Let $K/F$ be a field extension of degree $n \in \Bbb{N}$ and for each $a \in K$ define $L_a(x) = a x$. Then $L_a(x)$ is an $F$-linear transformation of $K$ as a vector space of dimension $n$. So send $K$ into $F^{n \times n}$ the matrix ring by sending $a$ to $T_a = [ L_a(\theta_1) \ \cdots \ L_a(\theta_n) ]$ where abstractly we have $L = \{ a_1 \theta_1 + \dots + a_n \theta_n : a_i \in F\}$ for some $\theta_i$ basis in $K$.
Then for $a \in K$, $f(x) = \det (T_a - xI) \in F[X]$ the characteristic polynomial, we have that $f(a) = 0$ i.e. that $a$ is a root of the characteristic polynomial which is monic of degree $n$ so is the characteristic polynomial is in fact $m_{a, F}(x)$ the minimal polynomial for $a$ over $F$.
I'm trying to prove this in the general case, i.e. that $f(a) = 0$ or equivalently that $T_a(y) = ay$ for all $y \in F^n$.
What I have so far is:
$$ T_a(y) = \sum_{i=1}^n y_i L_a(\theta_i) \\ \implies T_a(y) = \sum_{i=1}^n y_i (a \theta_i) = a \cdot \dots $$
So I've got that so far. Then the problem says, test this idea out to find the monic of degree $3$ satisfied by $a = \sqrt[3]{2}$.
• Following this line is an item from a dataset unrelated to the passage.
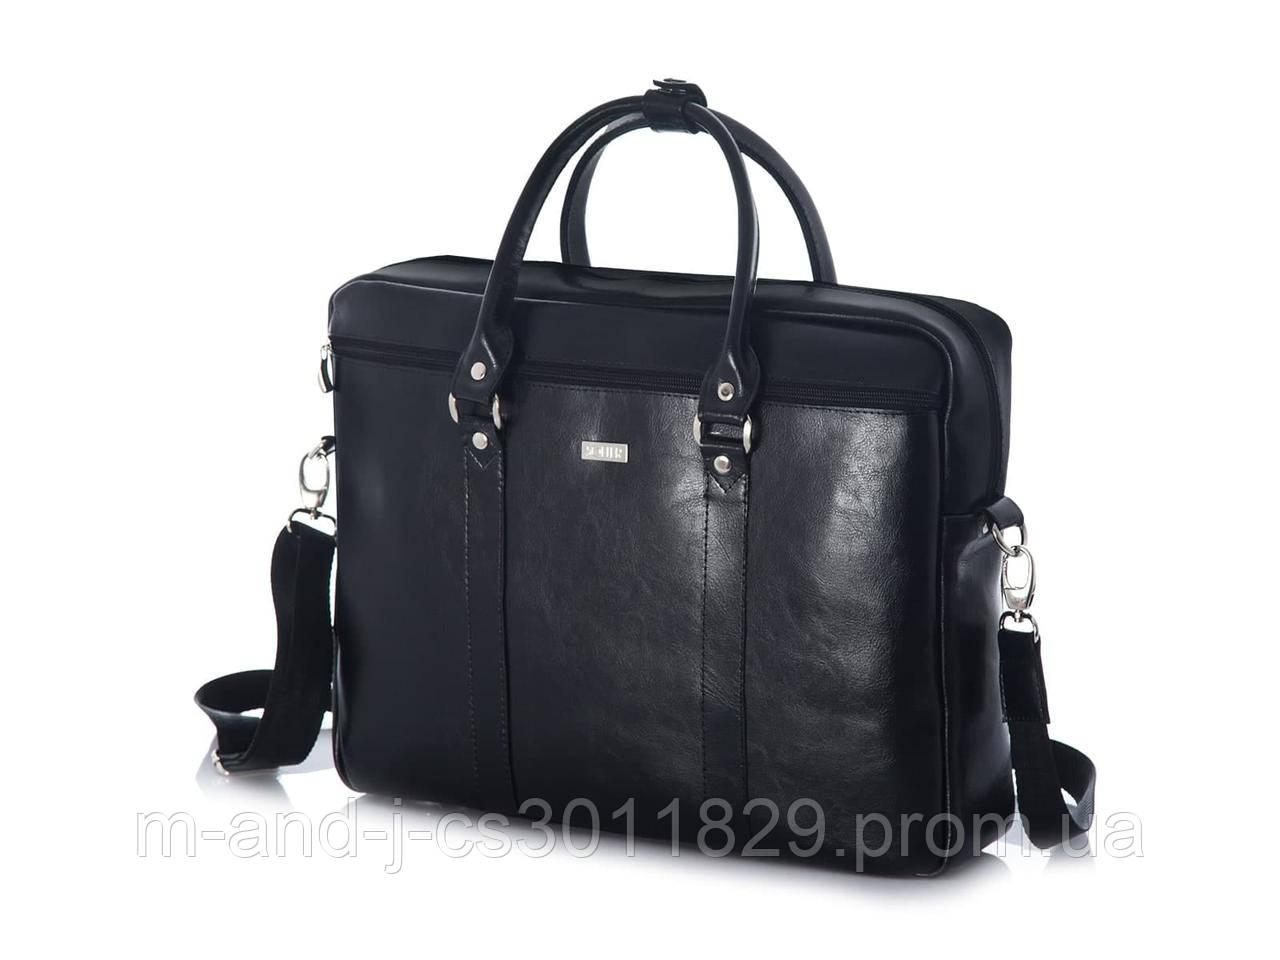 9e76836daaa3 Кожаная сумка для ноутбука через плечо черная Solier SL03 -  Интернет-магазин компании M&J в

So I want to compute the determinant of:
$$ \begin{pmatrix} x - \sqrt[3]{2} & 0 & 0 \\ 0 & x - \sqrt[3]{4} & 0 \\ 0 & 0 & x - 2 \end{pmatrix} $$
where I've reversed the sign for simplicity. I computed the above by multiplying $\theta_1 = 1, \theta_2 = \sqrt[3]{2}, $ and $\theta_3 = \sqrt[3]{4}$ by $a$ and subtracting that from $x$.
I'm getting:
$$ x^3 - 2 x^2 + (2 + 2\sqrt[3]{2} + 2\sqrt[3]{4}) x - 4 $$
which is not a polynomial over $F$. The bad term I got by doing $(-\sqrt[3]{2})(-2) + (-\sqrt[3]{4})(-2) + (-\sqrt[3]{2})(-\sqrt[3]{4})$ in a logical, symmetric way.
Where have I gone wrong in my computation?
I think you've computed $T_a$ incorrectly. I assume you're using the ordered basis $(1,\sqrt[3]{2},\sqrt[3]{4})$ for $K$ as $\mathbb Q$-vector space (edit: I see that you are). So applying $L_a$ to the first basis vector gives $L_a(1)=\sqrt[3]{2}$. In terms of the coordinate vectors relative to this ordered basis, this is $$L_a\begin{bmatrix}1\\0\\0\end{bmatrix}=\begin{bmatrix}0\\1\\0\end{bmatrix}$$ so this should be the first column of $T_a$. I'll leave it to you to check the other columns.
Lastly, a small note: it should be $\det(xI-T_a)$ for the minimal polynomial to be monic.